It’s a situation every driver in Malaysia will encounter, especially during the rainy season. Floods are so common that whenever we see a car marooned in water on social media, we commiserate and move on with a what-can-you-do attitude. Scary it may be, but there is actually quite a lot you can do and the little knowledge below will help you swim and not sink.
There are a few scenarios for this:
Scenario 1: Getting through a flooded section safely
The familiar stretch of road in front of you is covered with water. The car ahead of you pushes forward and makes it through. Observe its size and ground clearance. If it is of similar dimensions to your vehicle, you may have a good chance of making it through.
If you decide to brave the flooded section, approach cautiously and wade into it. Keep up a steady pressure on the throttle pedal to maintain vehicle speed – you should be fast enough that the car won’t stall and slow enough so that the waters don’t wash over the hood. If there is a car ahead of you, make sure you leave plenty of room in between before you go into the water.
Otherwise, find a safe place to stop, turn on your hazard lights, and wait it out.
Scenario 2: The engine dies. Now what?
You drive through a flooded street and it is deeper than you first thought. Your vehicle gives that heart-dropping sputter. Once, twice, and then the engine dies. Oh, no. If your vehicle is still in the middle of that abominable ocean of water, here’s what you should do.
Do not panic. It’s easier said than done, but keep a clear head, breathe, and you’ll be able to make better decisions.
Do not attempt to restart the engine. The impulse is hard to resist, we know, but doing so may cause further damage to the engine and electronics of the vehicle. If the engine is still running and you’re stuck in traffic with water levels rising fast, turn it off and remove the key from the ignition.
Note the water level. This will help you and the person who may be repairing your vehicle make an informed assessment of the potential damage.
Get your valuables and get out. Unless it’s dire and you’re in danger of drowning, you’ll have enough time to grab keys, handphones, wallets, maybe even your baby at the back. We’re kidding, leave the baby. Please don’t. Take the baby first. Head to higher ground, especially if it is still raining as the water level may rise further. Get out of the rain too if possible.
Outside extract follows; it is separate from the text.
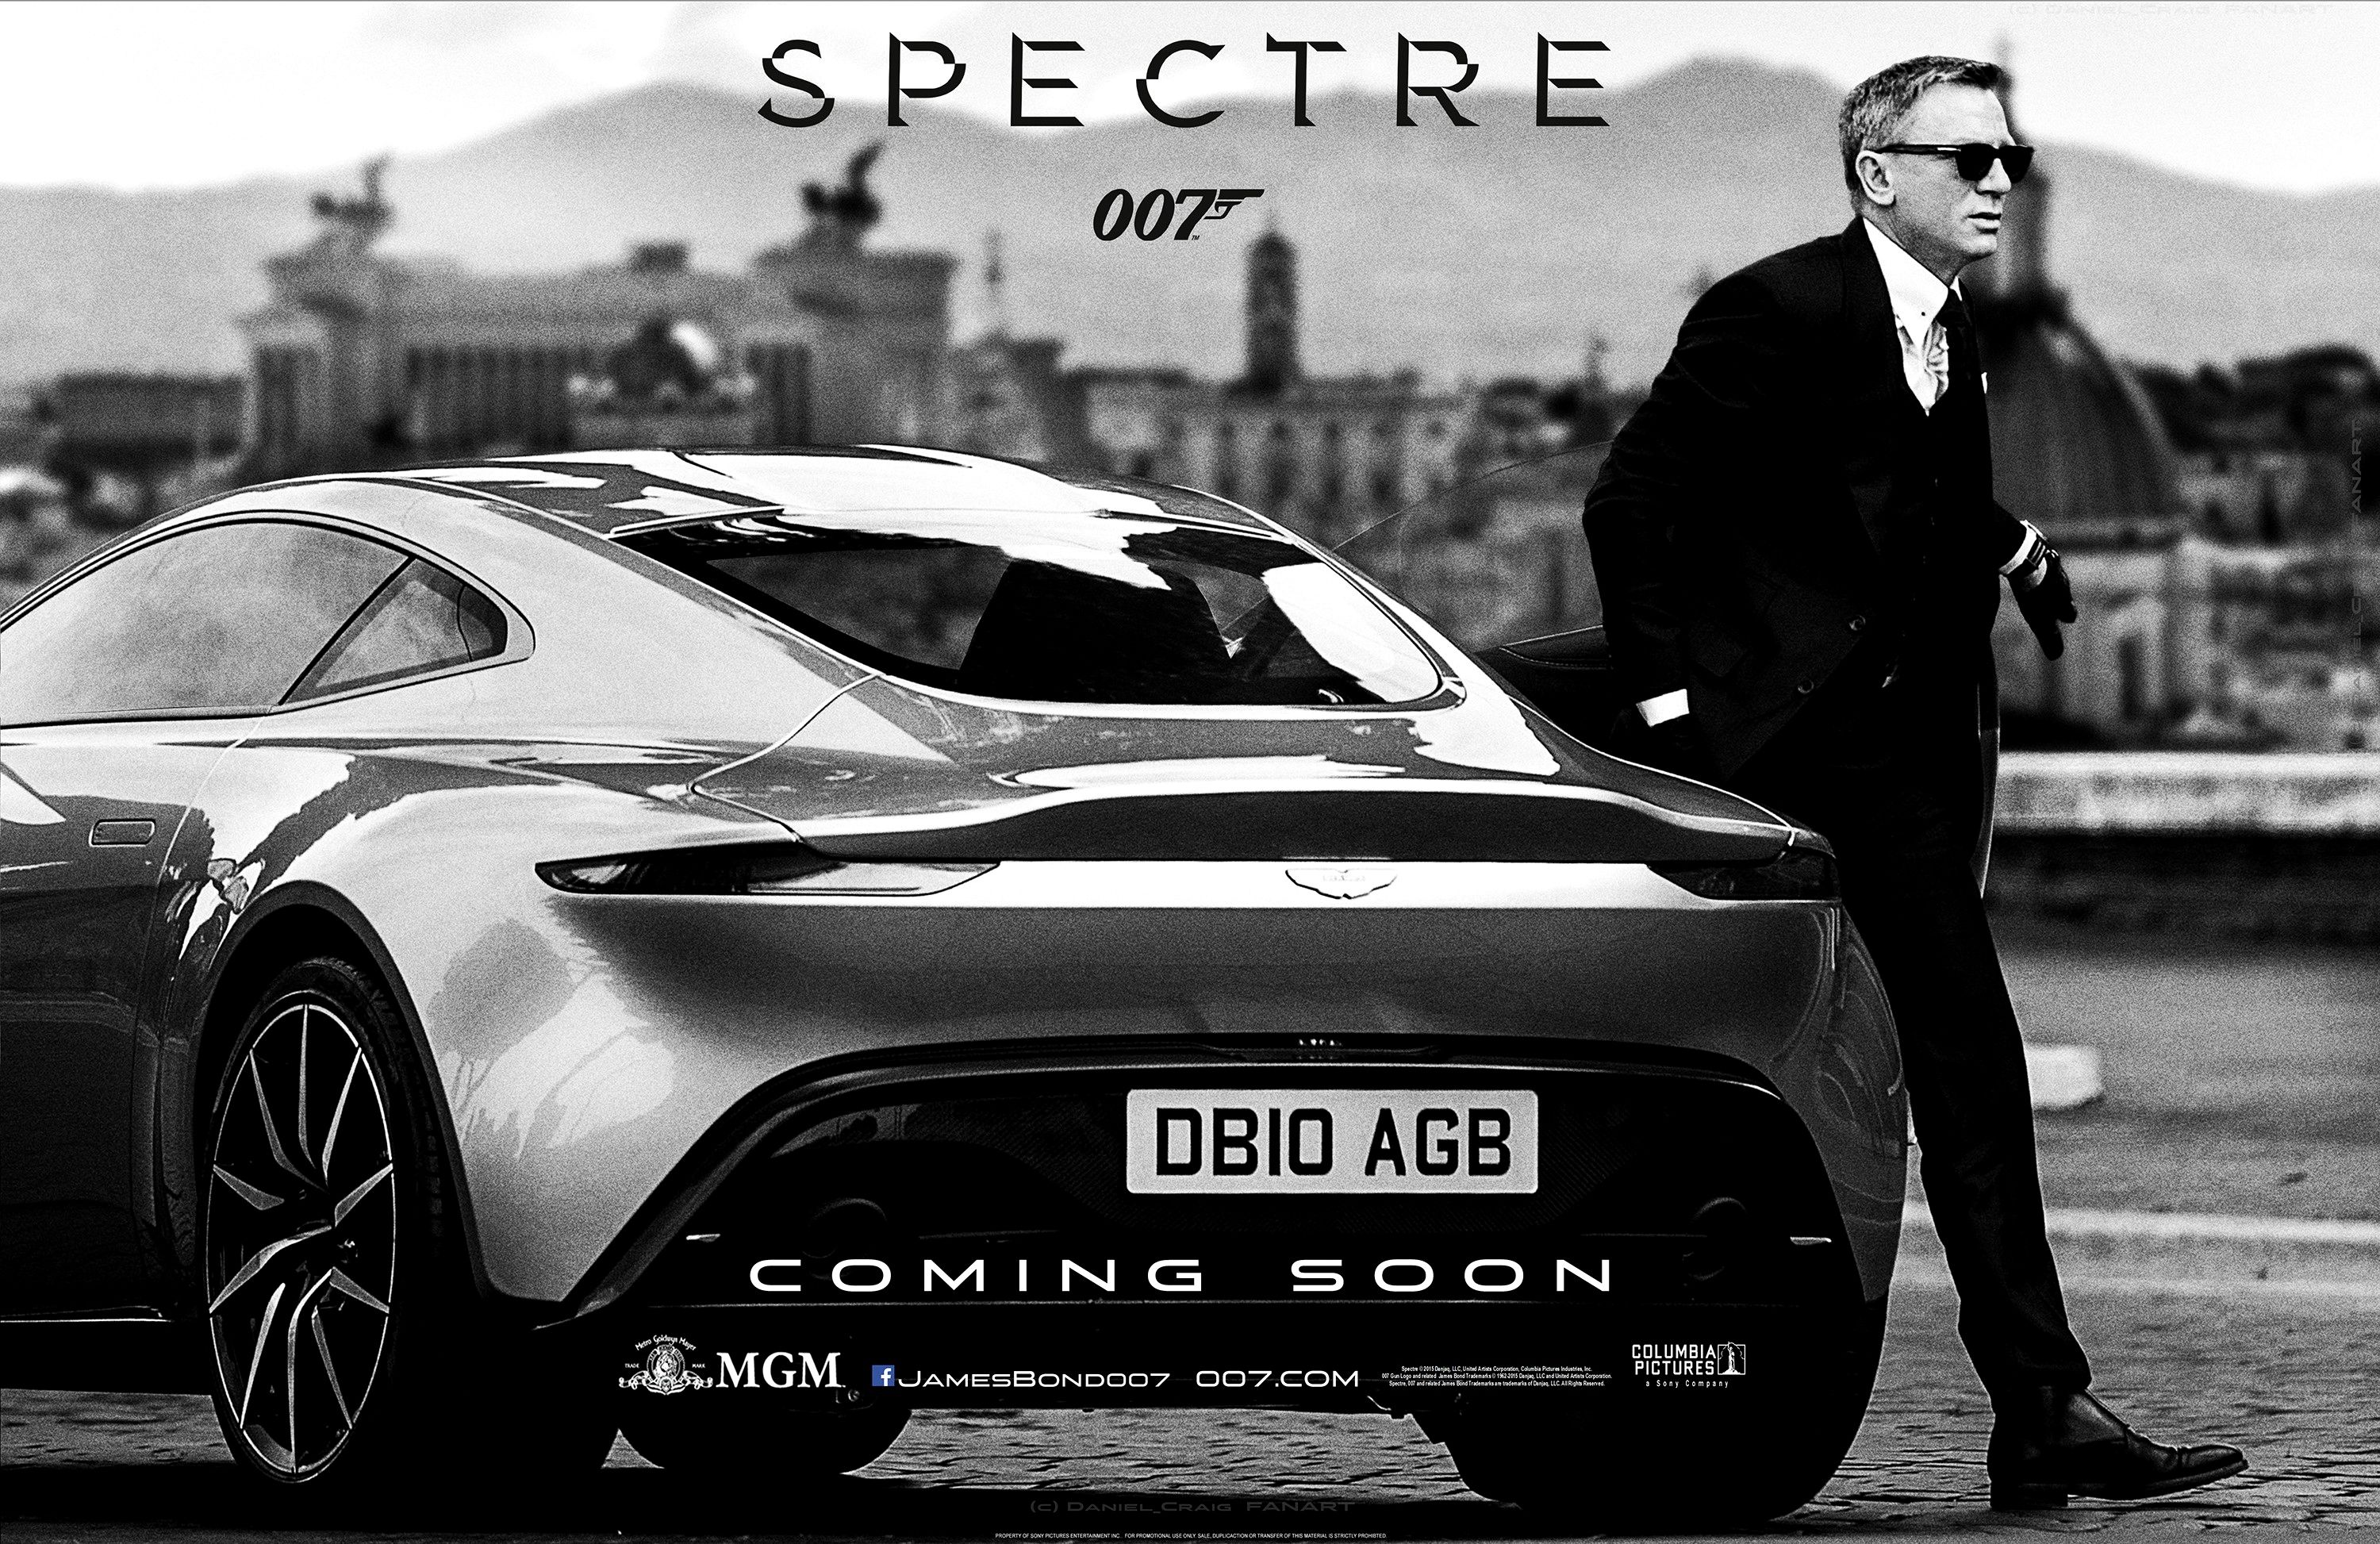 Wallpaper 4K James Bond Trick. James bond movies, James bond characters, James bond spectre
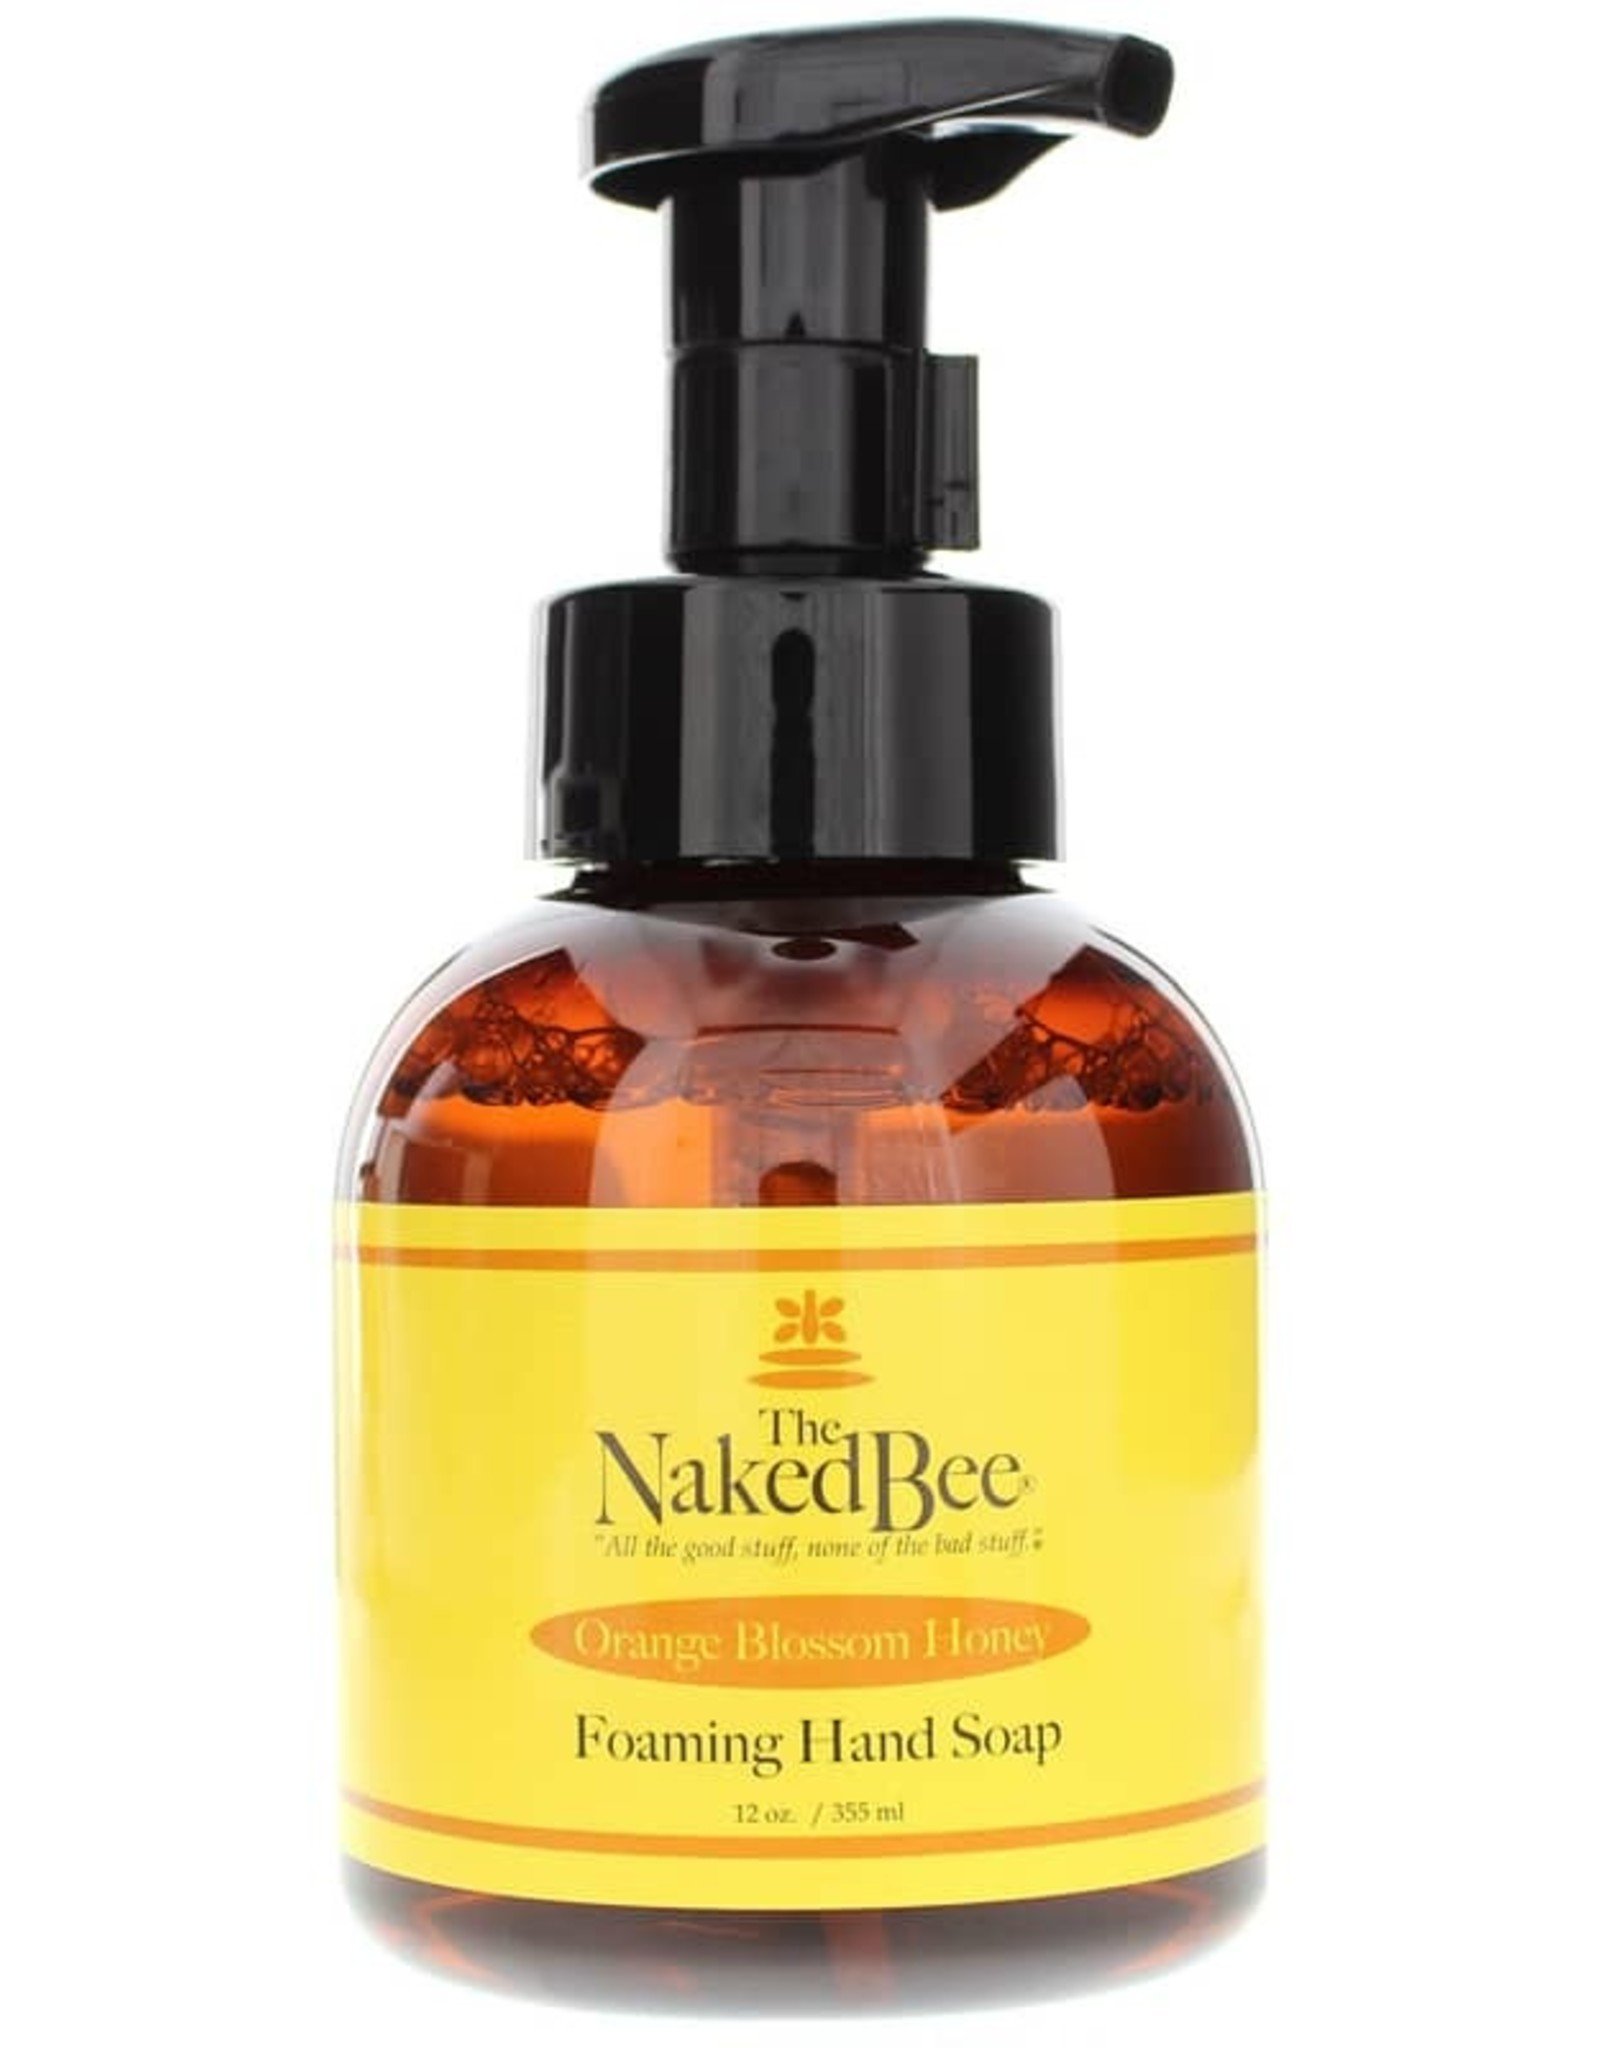 Naked Bee Orange Blossom Honey Foaming Hand Soap

Call for help. If it is a secluded area, the emergency services should be the first numbers to call. 999 and 112 both work on mobile phones. Next, get hold of your auto insurance provider to arrange for a tow truck.
Eventually, the flood will dissipate, so here’s what to do next.
Don’t start your engine. Just because there is no water around the car doesn’t mean there is no water in the important bits of the car. You may inadvertently cause further damage.
Get help. If you have not already, get your car moved to a workshop as soon as you can. If it’s in a basement carpark or somewhere safe, you can make a calculated risk to leave it to dry before bringing it to the workshop.
Take pictures of everything. Marks on the body of the car will show the highest water level during the flood. Debris around the car may have damaged the body, and in the car it indicates damage to the interior. Pop open the hood and grab as many pictures as you can as well. All this will help you in the insurance claim that is to come.
Get your car insured for flood Damage
It’s a scary experience, but some of the stress of it can be mitigated by protecting your vehicle (and your wallet). No flood insurance coverage means a big chunk of cash out of your pocket to get your vehicle running again. It is an expensive and upsetting affair. With it, it is much less trying.
Generally speaking, insurance plans in Malaysia come in three categories – Comprehensive Coverage, Third Party with Fire and Theft Coverage, and Third Party Coverage. Although it is mandatory that cars in Malaysia are insured, flood coverage is an add-on option and is not mandatory. This costs only 0.5% of your vehicle’s sum insured.
A simple example would be:
0.5% of RM100,000 (sum insured) = RM500 (price paid for flood coverage per annum)
It is a small price to pay when compared to the price of overhauling an engine or replacing an ECU, and it looks even smaller when it buys you peace of mind. Grab your policy or give your insurance provider a call if you’re unsure.